Material for this exercise below:

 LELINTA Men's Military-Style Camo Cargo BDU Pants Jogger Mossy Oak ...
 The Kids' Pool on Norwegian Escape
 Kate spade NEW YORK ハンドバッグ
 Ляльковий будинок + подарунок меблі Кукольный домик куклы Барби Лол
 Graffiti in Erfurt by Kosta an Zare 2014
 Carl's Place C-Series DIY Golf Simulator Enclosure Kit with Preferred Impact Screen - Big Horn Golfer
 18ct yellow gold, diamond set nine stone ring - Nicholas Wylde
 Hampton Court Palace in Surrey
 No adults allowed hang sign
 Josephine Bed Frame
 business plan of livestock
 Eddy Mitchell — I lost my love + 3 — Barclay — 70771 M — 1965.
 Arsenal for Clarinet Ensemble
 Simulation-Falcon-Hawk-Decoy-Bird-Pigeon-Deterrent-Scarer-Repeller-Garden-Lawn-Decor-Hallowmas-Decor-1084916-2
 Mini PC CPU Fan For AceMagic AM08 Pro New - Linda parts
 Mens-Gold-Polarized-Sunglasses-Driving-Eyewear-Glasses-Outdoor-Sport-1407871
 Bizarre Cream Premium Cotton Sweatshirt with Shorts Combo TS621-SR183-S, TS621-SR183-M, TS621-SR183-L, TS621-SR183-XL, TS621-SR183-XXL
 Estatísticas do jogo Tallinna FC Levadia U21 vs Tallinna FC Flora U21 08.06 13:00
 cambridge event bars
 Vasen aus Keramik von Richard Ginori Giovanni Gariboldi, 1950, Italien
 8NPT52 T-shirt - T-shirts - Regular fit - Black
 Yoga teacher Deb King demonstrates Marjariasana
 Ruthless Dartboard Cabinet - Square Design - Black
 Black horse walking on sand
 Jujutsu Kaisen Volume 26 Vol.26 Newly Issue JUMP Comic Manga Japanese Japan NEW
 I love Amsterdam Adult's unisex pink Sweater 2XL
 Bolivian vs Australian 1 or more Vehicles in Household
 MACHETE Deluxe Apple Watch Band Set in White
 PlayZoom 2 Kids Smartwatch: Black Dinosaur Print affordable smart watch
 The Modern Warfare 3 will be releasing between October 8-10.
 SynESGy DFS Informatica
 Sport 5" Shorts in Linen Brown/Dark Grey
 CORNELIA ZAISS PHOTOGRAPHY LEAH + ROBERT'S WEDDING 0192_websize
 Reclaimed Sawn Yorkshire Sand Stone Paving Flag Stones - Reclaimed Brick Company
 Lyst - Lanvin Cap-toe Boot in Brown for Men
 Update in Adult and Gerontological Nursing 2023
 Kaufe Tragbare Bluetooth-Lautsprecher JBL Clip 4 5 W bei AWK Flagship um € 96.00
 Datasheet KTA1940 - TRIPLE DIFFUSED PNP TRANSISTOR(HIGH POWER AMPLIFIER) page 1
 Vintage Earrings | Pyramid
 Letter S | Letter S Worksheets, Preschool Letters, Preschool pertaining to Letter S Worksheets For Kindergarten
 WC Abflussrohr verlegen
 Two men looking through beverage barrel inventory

End of Material for this exercise.

Copy each line of the entries in which the string "Sport" is found.

 Mens-Gold-Polarized-Sunglasses-Driving-Eyewear-Glasses-Outdoor-Sport-1407871
 Sport 5" Shorts in Linen Brown/Dark Grey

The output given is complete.